Sweeping changes to a bill that intended to overhaul the process of state takeover of failing schools today took away much of its punch.

The Senate Education Committee amended and passed House Bill 1638, 9-2, at its meeting today. It originally was written to establish “transformation zones” that would have allowed schools or groups of schools to try out innovative plans at schools with students consistently getting low test scores as an alternative to state takeover. The bill last month passed the House 66-31

But the bill now contains no mention of transformation zones and makes sure the Indiana State Board of Education would not be allowed to take control of an entire school district.

Sen. Dennis Kruse, R-Auburn, said the biggest changes were proposed in amendments by Sen. Earline Rogers, D-Gary. When they were included, it changed the entire focus.

“There’s not much left in this bill after this amendment,” Kruse said.

The bill still includes a prohibition against schools offering potential students or their families gifts with a significant monetary value. It also would grant struggling schools a “safe harbor” provision where they could get an extra year to show academic improvement before the state would intervene.

Technically, Rogers’ new amendment takes the place of one passed by the committee last week. Those changes remain.

They include:

  • It proposes cutting to four years the time schools with D or F grades get before the state can take the school over or intervene in other ways. Under the bill, that change was set to take effect in June. The amendment puts the shorter timeline off an extra year until June of 2016 to give school districts more time to prepare.
  • A provision in the bill requiring any decision by the state board to close a school to pass with a two-thirds majority was introduced. Before, the board  could decide to close low-scoring schools by a simple majority.
  • A provision in the bill allowing up to 10 percent of teachers at a school in state takeover to work without a valid teaching license also was removed from the bill.

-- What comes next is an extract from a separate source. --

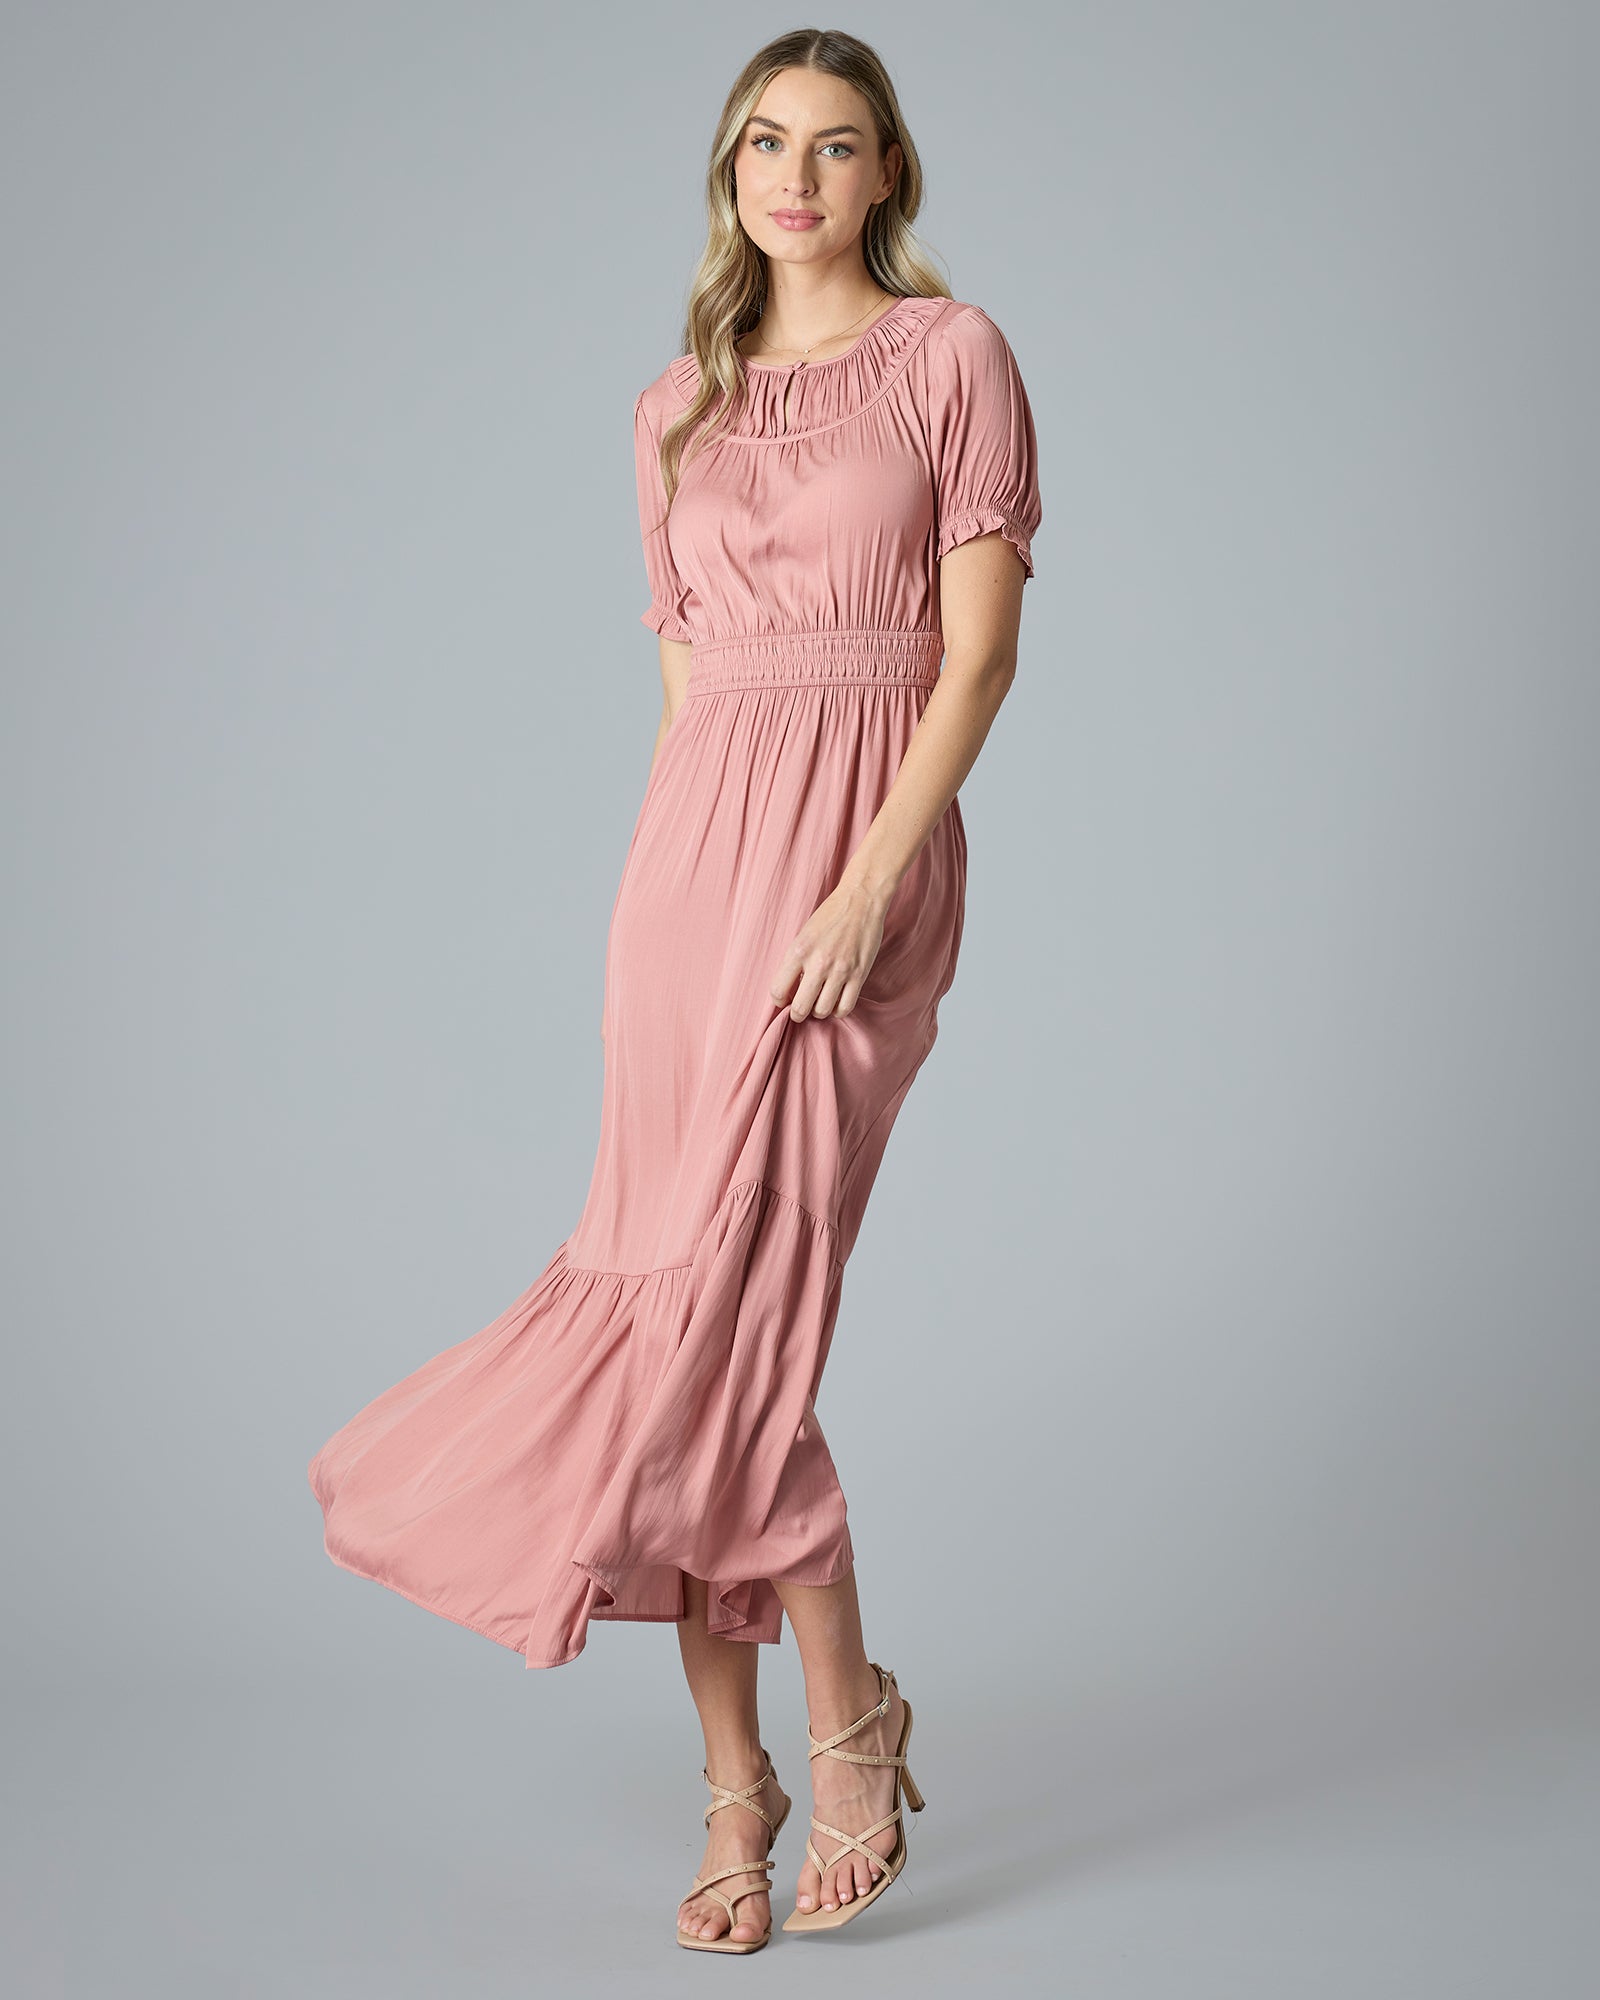 Woman in a pink short sleeve maxi dress

Rogers argued before the committee last month that the state’s intervention efforts just weren’t showing enough improvement to be expanded. Most of the schools under state takeover were still getting F grades, she said.

Rep. Robert Behning, R-Indianapolis, the bill’s author, said at the same March meeting that the bill was intended to move away from state takeover to more local control.

“The goal is not to be in the takeover business,” Behning said. “That’s the point of this bill — to get out of the takeover business to gives schools the opportunity to transform themselves.”

But Rogers wasn’t buying it. She wrote the amendments to make a “bad bill better,” she said.

The bill will next be heard by the Senate Appropriations Committee before going to the full Senate.

Both Rogers and Sen. Mark Stoops, D-Bloomington, serve on the appropriations committee. Even with the amendments, Stoops, who voted no today, said he isn’t sure how the next hearing will play out.

“I’m much happier with the bill, and I will be having another look at it in appropriations,” he said. “We’ll see how it goes.”

The committee passed two other bills:

  • Freedom to teach. House Bill 1009 would allow any two teachers or a principal, superintendent or a combination apply for grants to create schools, districts or zones of schools. Those schools would get extra freedoms others don’t have to try out plans designed to raise student test scores and pay higher salaries to effective teachers. It passed the committee 7-4 and will next be heard in Senate Appropriations.
  • Safety DrillsHouse Bill 1414 would require schools to hold more safety drills. It passed committee 11-0.